You Get A Choice!
A few years ago this space used to be really good. I had nothing but time to craft a special entry five times a week. Sometimes you got little plays. Sometimes dirty confessional stories. Sometimes the equivalent of desk pieces. There were also daily contests and sub-sections and pictures and all sorts of good stuff. These days, you don’t get that.
However. You now have an option!!!
You can, for free, read the blog—my occasional word or two, jotted when I have a second.
Or, you can pay me 10 bucks a month, and have access to my new journal! Where you’ll find at least three entries a week, all as funny as they used to be. With jokes and photos and contests and confessional revelations. JUST LIKE YOU USED TO GET. Isn’t that great?! Aren’t I generous?! Don’t you just fucking love me?!
Sound shitty? Well, the above is exactly what the movie industry is doing to us by introducing “upscale’ theatres, like Hollywood’s Arclight.
The deal is this: movie theatre quality has steadily declined over the years. From assholish service to the seldom-cleaned theatres to the constant stream of commercials before the regular commercials (previews). Sure, seats have gotten nicer and sound better, but it doesn’t make up for the low-quality service.
So, with the Arclight and other theatres, the exhibitor industry has decided to suddenly offer a decent level of service again—but at a premium price!
What a deal! they trumpet. You now have a choice! You can get the crappy, dirty, mean, baby-crying-behind-you-in-The Matrix service you’ve been getting lately, at the normal bargain 9 bucks, or, for only 14 bucks, you can come to the Arclight and get the normal, decent level of service you used to be able to rely on! But wait! That sounds like a shitty fucking deal to you? No! You’re wrong. Check it: you get assigned seats! Why? Uh, because it sucks to get to sit where you want. Too much pressure. See, now, if some big guy sits in front of you… you have the awesome pleasure of just sitting and bearing it, because you’re in an assigned seat! How is that good? Uh…Let me tell you about the other benefits!
Parking. Parking is free! Pretty sweet, huh? It’s also free at a lot of other theatres? Well, but here it’s… “upscale free!”

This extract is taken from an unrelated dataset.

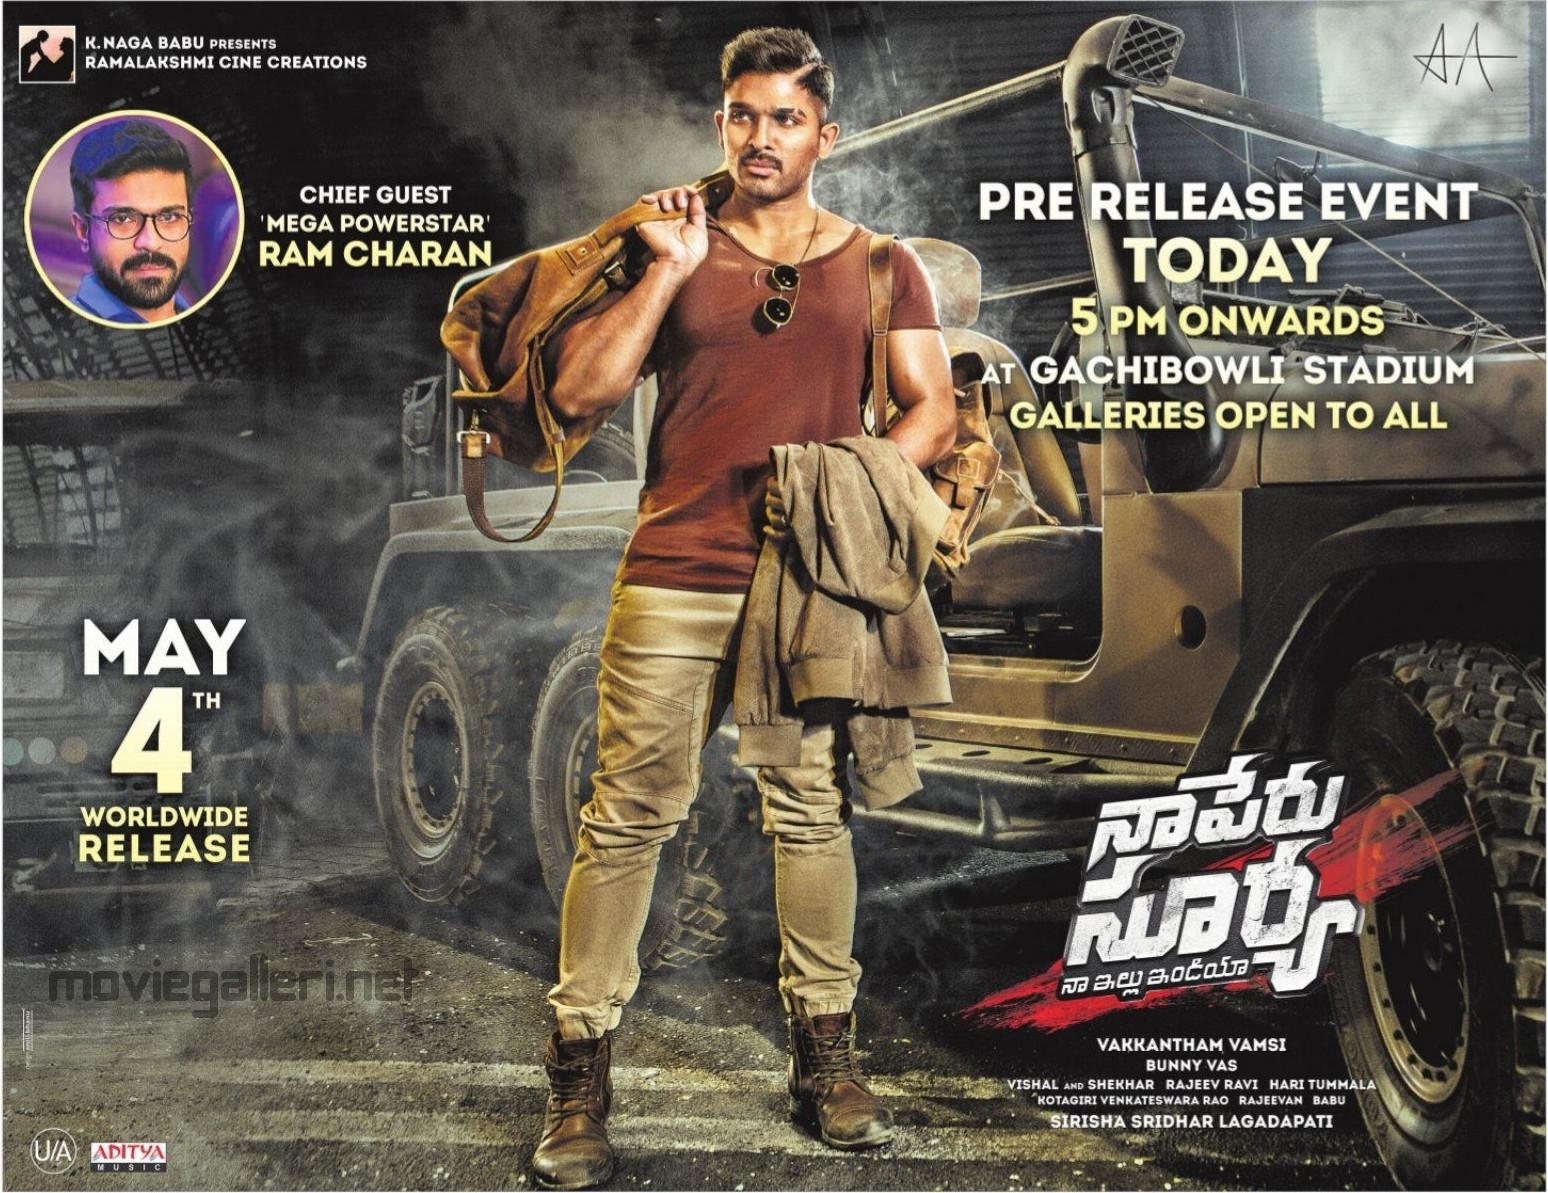 Allu Arjun Naa Peru Surya Pre Release Today Posters Hd New Movie

Did we mention that we have sausages on rolls? Yeah, fuck popcorn and Junior Mints. It’s all about sausages on rolls. How can you enjoy of movie without a good artichoke pesto sausage on a caraway seed roll? What if you don’t like the smell of meat invading your nostrils while you’re trying to watch a movie? Well, just move away from the guy eating the sausage. Oh, wait, you can’t move because of the assigned seat thing… Uh…
Did we mention that before the movie a happy employee will stand in front of the screen and announce the film? Yeah. Sometimes they’ll even ask, “How you guys doing?” before telling you that you’re here to see “Mystic River, directed by Clint Eastwood.” How fucking helpful and caring is that? Does the AMC do that? Hell no!
And wait! The best part! Check it! No commercials! Yeah, that’s right, baby. We proudly offer no commercials! You never used to get commercials? I know. But times have changed. The economics of the industry are blah blah blah. Look, man. It’s up to you. Come to our upscale theatre and pay 14 bucks to see a movie, or go to another theatre and pay to sit through twenty minutes of commercials. It’s your choice.
Who owns the other theatre? Oh, well, we do. So we get your money either way.
C’mon, you know you want a sausage roll.